Naturally, our minds crave order. So when you’re living in a visually cluttered space, you could be causing yourself more stress without even knowing. In fact, studies show that if you or someone in the family has ADHD, visual clutter can exacerbate symptoms, reducing one’s ability to focus.

Plus, visual clutter is everywhere. Even when your home is tidy. It’s on the packaging of products you surround yourself with, it’s the concentrated section of decor hogging your kitchen counter/workspace. It’s hiding on that disorganised bookshelf, and it lurks in the spaces that are meant to ground & calm you.

When your space is loaded with visual clutter, your mind may actually struggle to hold focus.
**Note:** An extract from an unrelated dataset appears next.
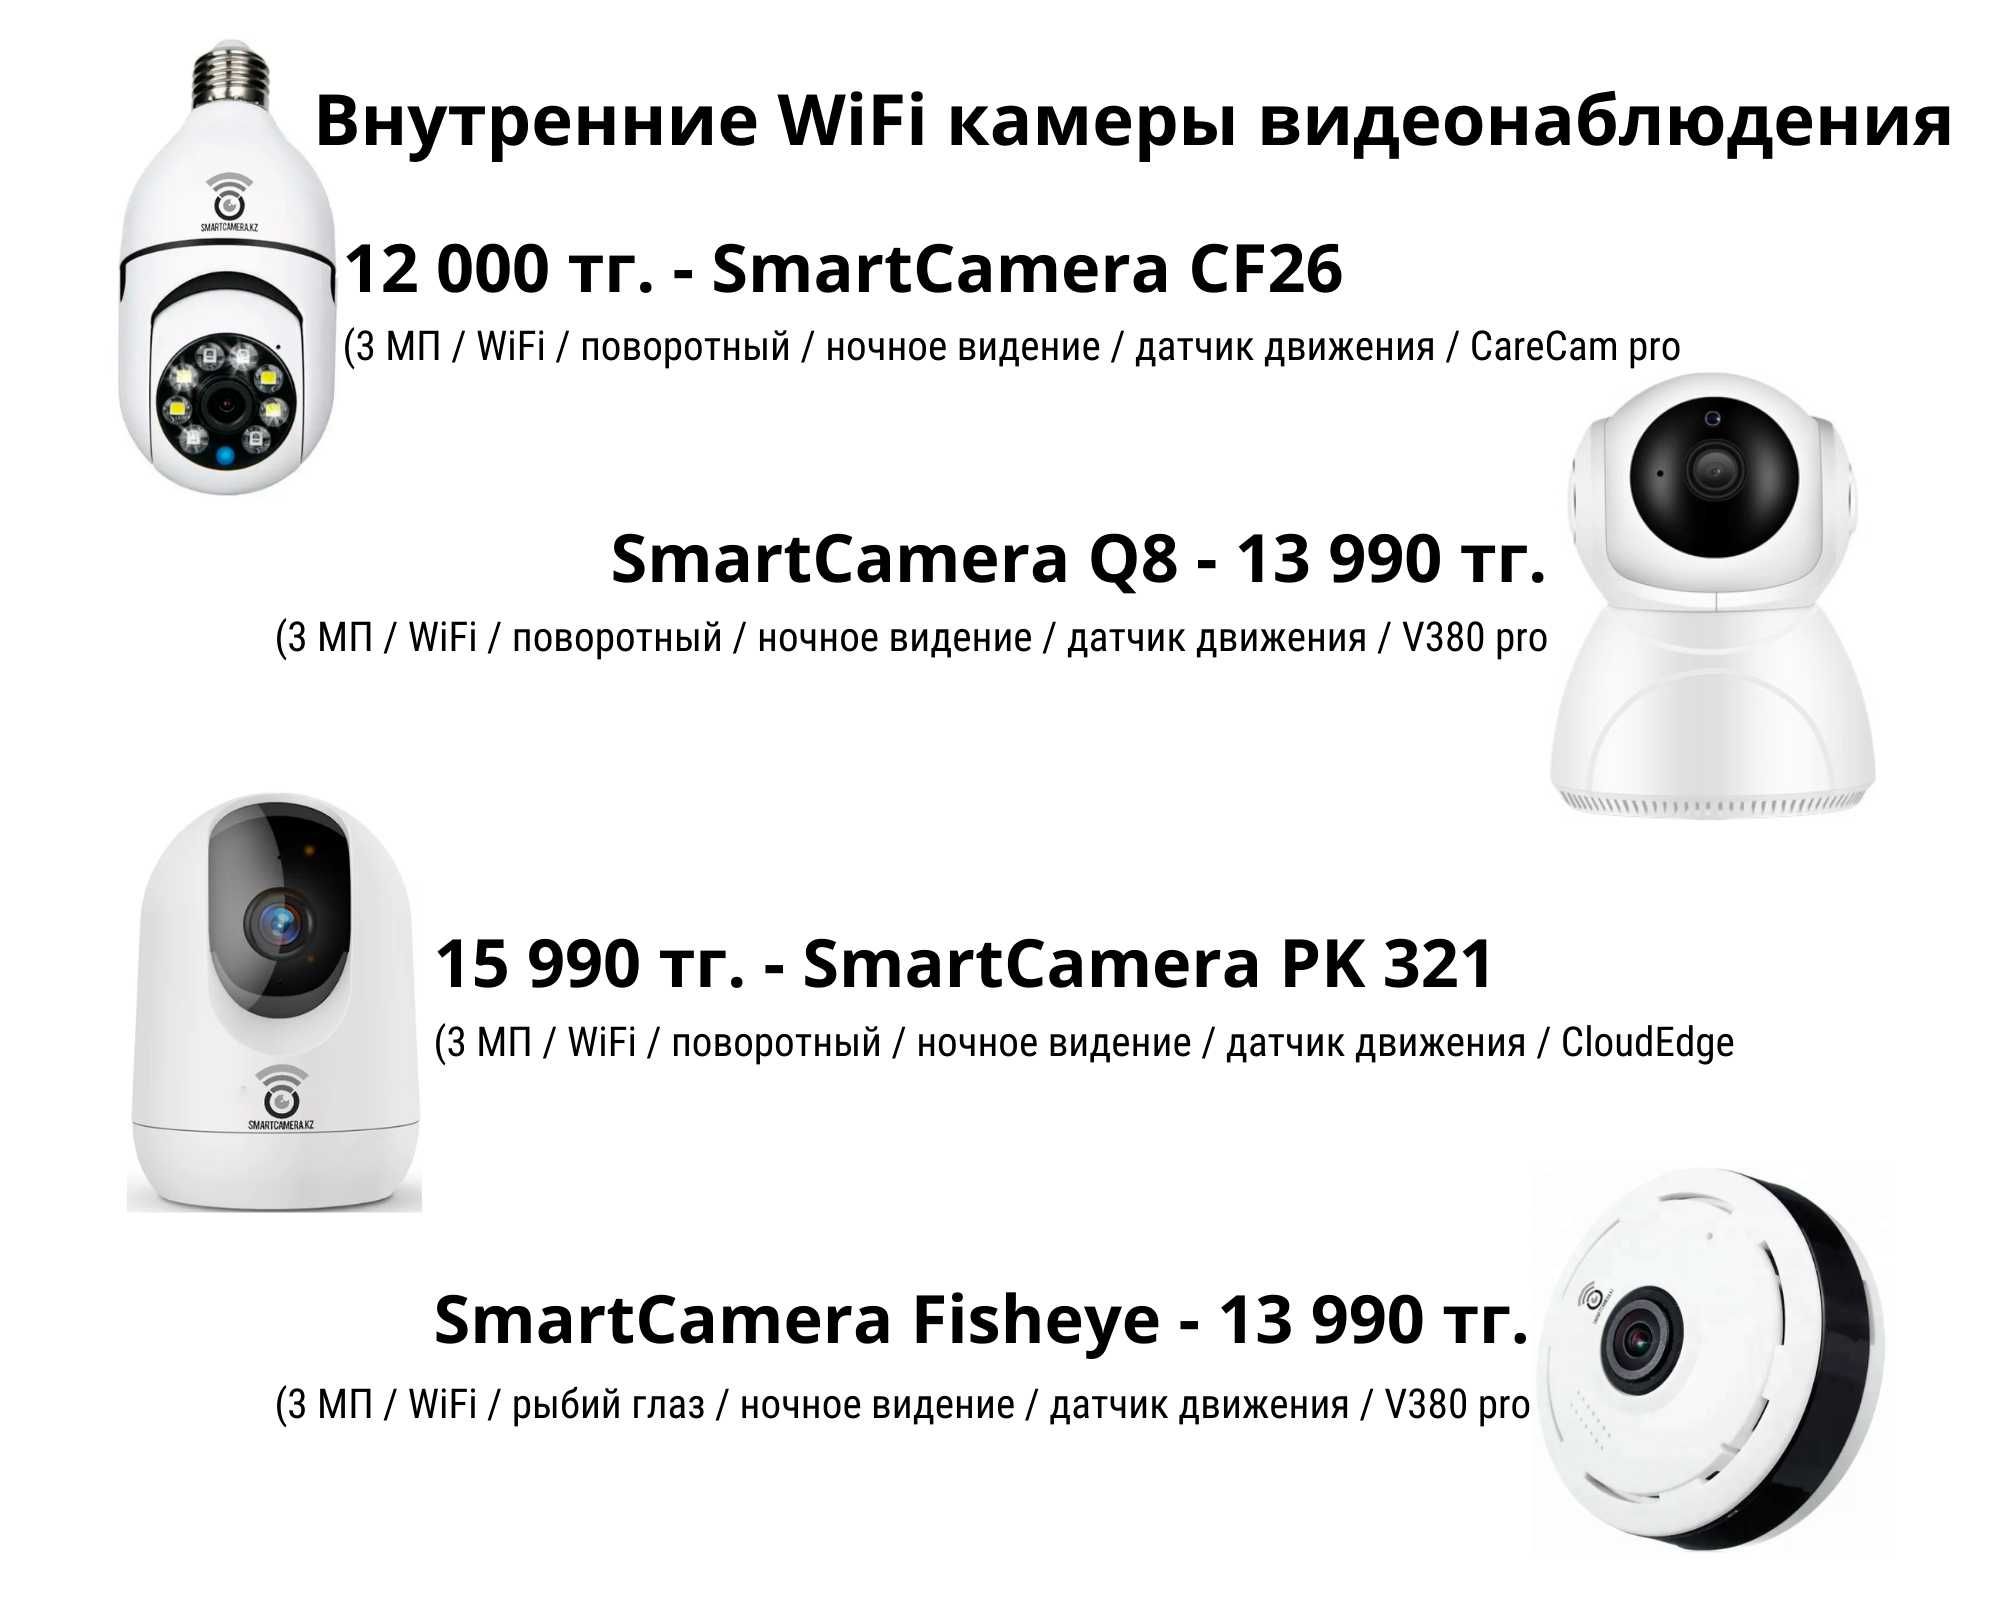 WiFi и 4G камеры видеонаблюдения для дома, дачи и бизнеса

Your thoughts are prompted by your environment, so when there’s a lot to take in, visual clutter can easily distract you. Even if you’re not actively thinking about it, the clutter is there and your brain is working double-time to register the space around you.


7 tips to reduce visual clutter in your space

Personally, as someone with ADHD, I’ve picked up on how visual clutter impacts my ability to pay attention and I’ve picked up a few useful tips & tricks to reduce the visual clutter in my space, and now I will be sharing them with you!

Keep it simple, sweetheart

Strip away all the clutter and embrace minimalist as your mindset. Instead of adding new decor & objects to your space regularly, do the opposite and get rid of the objects your space could do without. Clearing up space in the environment allows for the eye to breathe and the mind to find solace in simplicity.

Distinguish between what’s essential and what’s merely clutter, and go from there.


Tap into your organisational era

Do as I’ve done, and arm yourself with practical storage solutions that transform chaos into order. Think organisational shelves, boxes bins, and cleverly designed furniture that can stow away belongings, leaving your space visually unburdened. Classify, categorise, and assign each item a rightful place.

When you’re going for less visual clutter, it’s a good idea to organise objects according to colour & function.


Leave the rainbows for outdoors

Colour is wonderful, we love colour! Not when it overwhelms us, though. To reduce visual clutter, you’ve got to be choosey about your colour palette. Whether it’s colour-coding your bookshelf, coming up with a gentle, minimalist colour scheme for your space, or removing items from their packaging & neatly stowing away, there are plenty of things you can do to reduce unnecessary bursts of colour around you.

Packaging plays a big role in overwhelming a space with colour. Rather than storing items in their packaging, find organised storage solutions like boxes or mason jars to put things in.

When it comes to colour in your decor, opt for soothing hues and tones that create a serene backdrop, allowing your mind to rest and find respite. Let bursts of colour accentuate, not overpower the room.



Embrace negative space

Embrace the power of emptiness! Resist the temptation to fill every inch of your walls and surfaces and instead, allow the negative spaces in your environment to coax a sense of calmness and contemplation. There’s an art to simplicity, and it takes a good eye to know when not to overdo! Keep it simple, ideally you want more negative space than decor, which gives the items that are on display more room to shine, too.

You’re the curator of your sanctuary

Become the curator of your own abode and carefully select objects that are significant and beautiful to you, instead of overwhelming your space with items you couldn’t really be fussed about.

Your space is your sanctuary, and you want the objects around you to reflect this. Release the hold of sentimentality on items that don’t serve a purpose or spark something in you. Instead, start to build your own curated collection that speaks to you. Each piece should tell a story to find its place in the harmony of your space.


Become a multi-purpose girlie

There’s a real power to multi-functionality, whether it’s multi-functional makeup, fashion, and even furniture. Multi-functional furniture doubles up as a way to reclaim lost space that isn’t visible to the eye, reducing clutter that would have otherwise been in your direct line of sight.

Furniture pieces with hidden storage compartments, versatile organisers or modal designs can be your allies in the war against visual clutter. Why not merge functionality and style by opting for a bed with a base that doubles up as drawers, or an ottoman that doubles up storage for blankets?


Make regular purges

Make purging a ritualistic practice, a cyclical celebration of renewal where you cleanse your space & your mind. Periodically reassess your possessions, questioning their relevance and impact on your sanctuary. As seasons change and life evolves, let go of the unnecessary baggage and make room for new beginnings.

As Marie Kondo says, does it spark joy? If not, this may be your signal to let it go.